## Types of Categorical data:
    
    1.Nominal data (Don't worry about arrangement of categories)
    
    2.Ordinal data (Rearrange the categories based on the rank)
    
    
**1.Nominal Data:**

* The nominal data called labelled/named data.

* Allowed to change the order of categories, change in order doesn’t affect its value.

*For example,*

* Gender (Male/Female/Other),

* Age Groups (Young/Adult/Old),

* States (TN,DL,AP,other), etc.


**2.Ordinal Data:**

* Represent discretely and ordered units. 

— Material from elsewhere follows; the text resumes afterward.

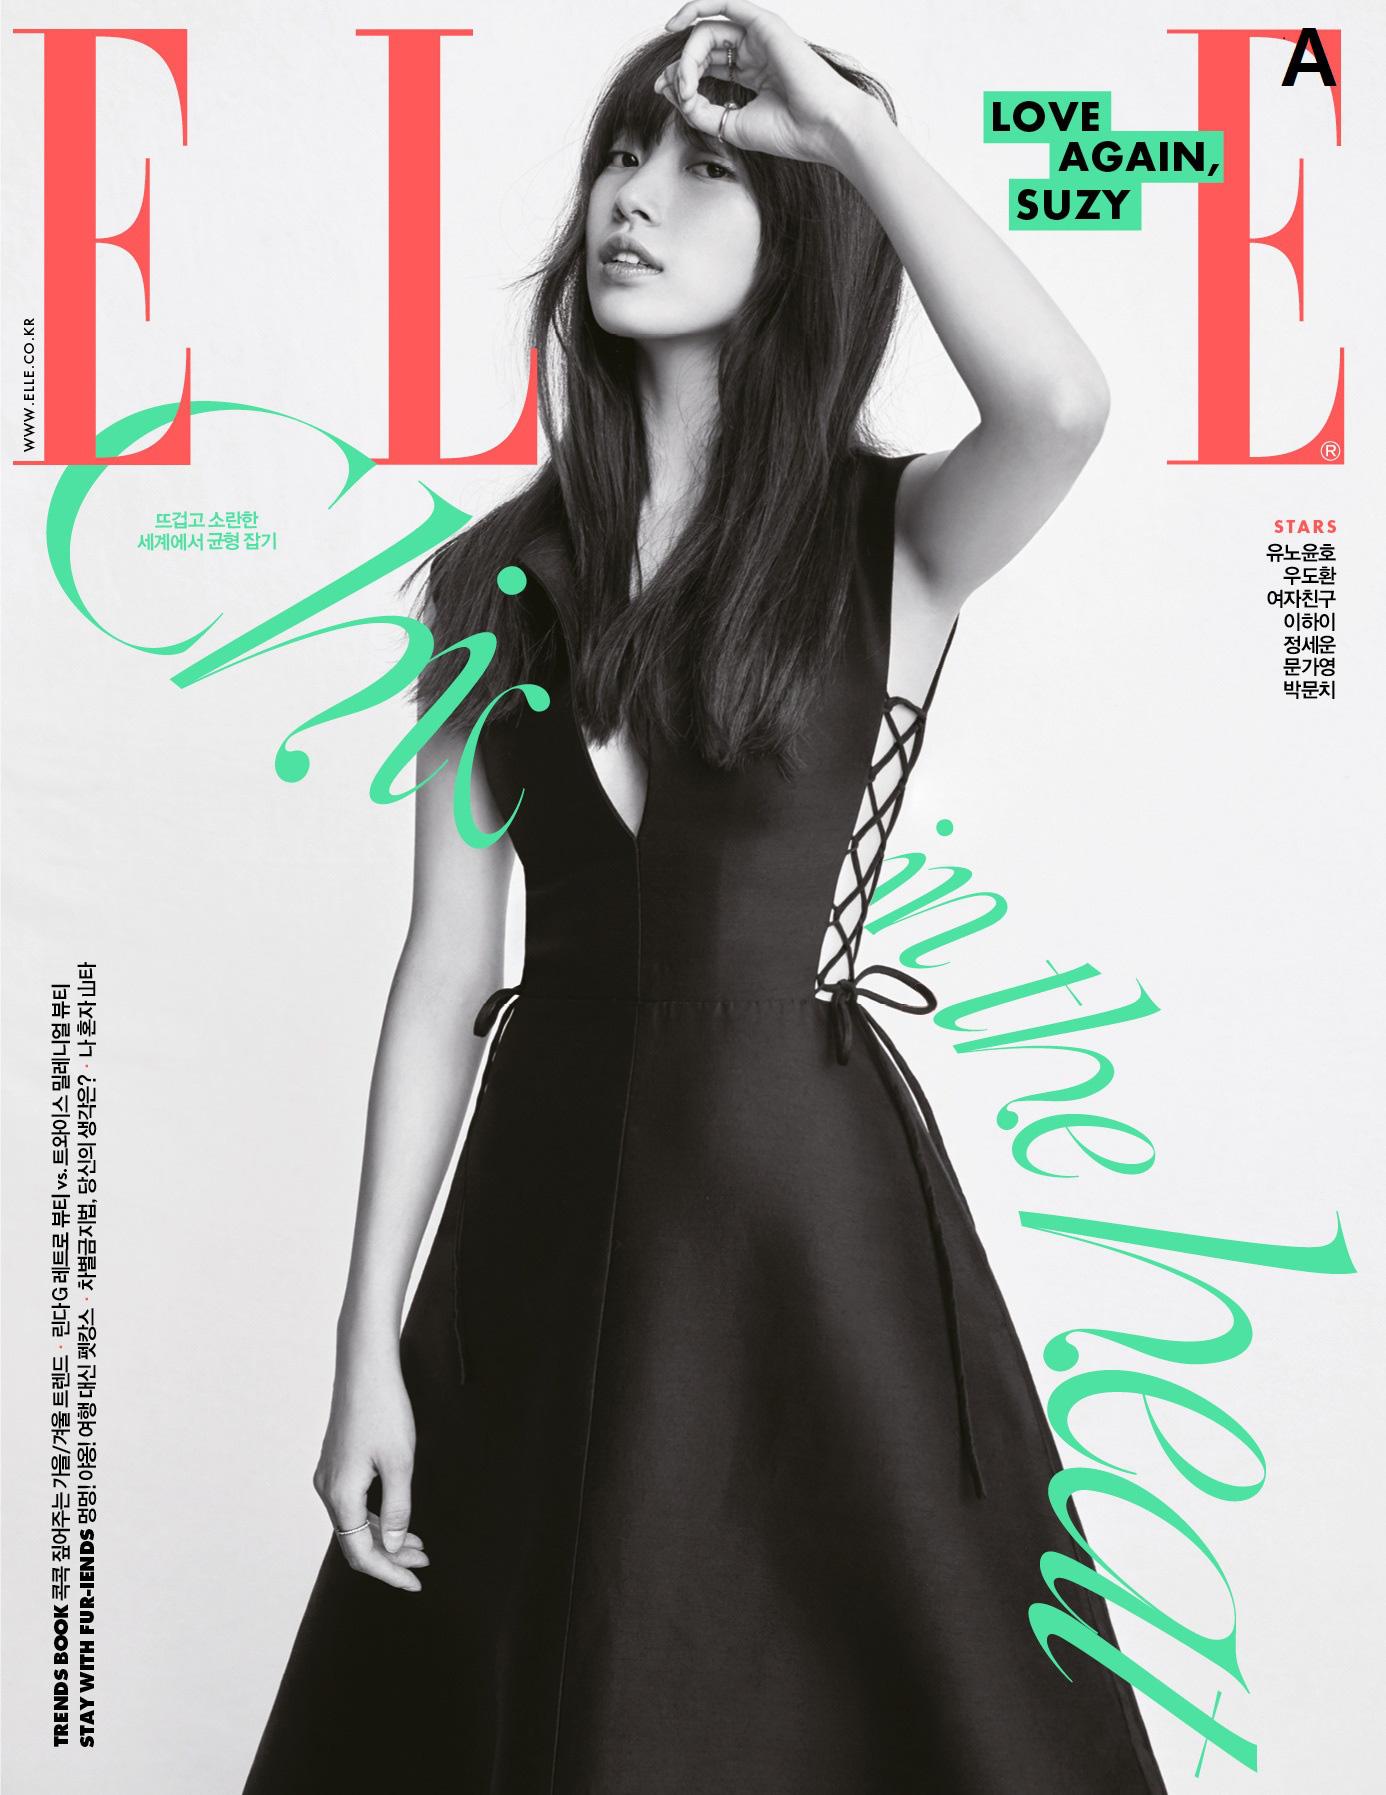 Cùng là váy Dior xẻ sâu hoắm: Suzy chỉ khâu sương sương, Joy mới mạnh tay khâu tiệt váy cho kín cổng cao tường - Ảnh 1.

* Same as nominal data but have ordered/rank. Not allowed to change the order of categories.

*For example,*

* Ranks: 1st/2nd/3rd, 
* Education: (High School/Undergrads/Postgrads/Doctorate)



## Way to handle the categorical data

In [3]:
import numpy as np
import pandas as pd

#### One Hot Encoding 

It is apply for Nominal categorical data

 Create dummies or binary type columns for each category in the object/ category type feature. The value for each row is 1 if that category is available in that row else 0. To create dummies use pandas get_dummies() function.

In [4]:
train = pd.read_csv('train.csv')

In [5]:
train.head()

Unnamed: 0,employee_id,department,region,education,gender,recruitment_channel,no_of_trainings,age,previous_year_rating,length_of_service,KPIs_met >80%,awards_won?,avg_training_score,is_promoted
0,65438,Sales & Marketing,region_7,Master's & above,f,sourcing,1,35,5.0,8,1,0,49,0
1,65141,Operations,region_22,Bachelor's,m,other,1,30,5.0,4,0,0,60,0
2,7513,Sales & Marketing,region_19,Bachelor's,m,sourcing,1,34,3.0,7,0,0,50,0
3,2542,Sales & Marketing,region_23,Bachelor's,m,other,2,39,1.0,10,0,0,50,0
4,48945,Technology,region_26,Bachelor's,m,other,1,45,3.0,2,0,0,73,0


In [6]:
# In above data, Gender is nominal categorical data. we can use one Hot encoding for nominal categorical variable

In [7]:
Gender_dum = train['gender']

In [8]:
Gender_dum .head()

0    f
1    m
2    m
3    m
4    m
Name: gender, dtype: object

In [9]:
Gender_dum = pd.get_dummies(Gender_dum ,drop_first = True)

In [10]:
Gender_dum .head()

Unnamed: 0,m
0,0
1,1
2,1
3,1
4,1


In [11]:
train = pd.concat([train,Gender_dum],axis=1,)

In [12]:
train.head(4)

Unnamed: 0,employee_id,department,region,education,gender,recruitment_channel,no_of_trainings,age,previous_year_rating,length_of_service,KPIs_met >80%,awards_won?,avg_training_score,is_promoted,m
0,65438,Sales & Marketing,region_7,Master's & above,f,sourcing,1,35,5.0,8,1,0,49,0,0
1,65141,Operations,region_22,Bachelor's,m,other,1,30,5.0,4,0,0,60,0,1
2,7513,Sales & Marketing,region_19,Bachelor's,m,sourcing,1,34,3.0,7,0,0,50,0,1
3,2542,Sales & Marketing,region_23,Bachelor's,m,other,2,39,1.0,10,0,0,50,0,1


In [13]:
train = train.drop(['gender'],axis=1)

In [14]:
train.head(4)

Unnamed: 0,employee_id,department,region,education,recruitment_channel,no_of_trainings,age,previous_year_rating,length_of_service,KPIs_met >80%,awards_won?,avg_training_score,is_promoted,m
0,65438,Sales & Marketing,region_7,Master's & above,sourcing,1,35,5.0,8,1,0,49,0,0
1,65141,Operations,region_22,Bachelor's,other,1,30,5.0,4,0,0,60,0,1
2,7513,Sales & Marketing,region_19,Bachelor's,sourcing,1,34,3.0,7,0,0,50,0,1
3,2542,Sales & Marketing,region_23,Bachelor's,other,2,39,1.0,10,0,0,50,0,1


***Advantage:***

* Easy to use 
* Fast way to handle categorical column values.

***Disadvantage:***

* get_dummies method is not useful when data have many categorical columns.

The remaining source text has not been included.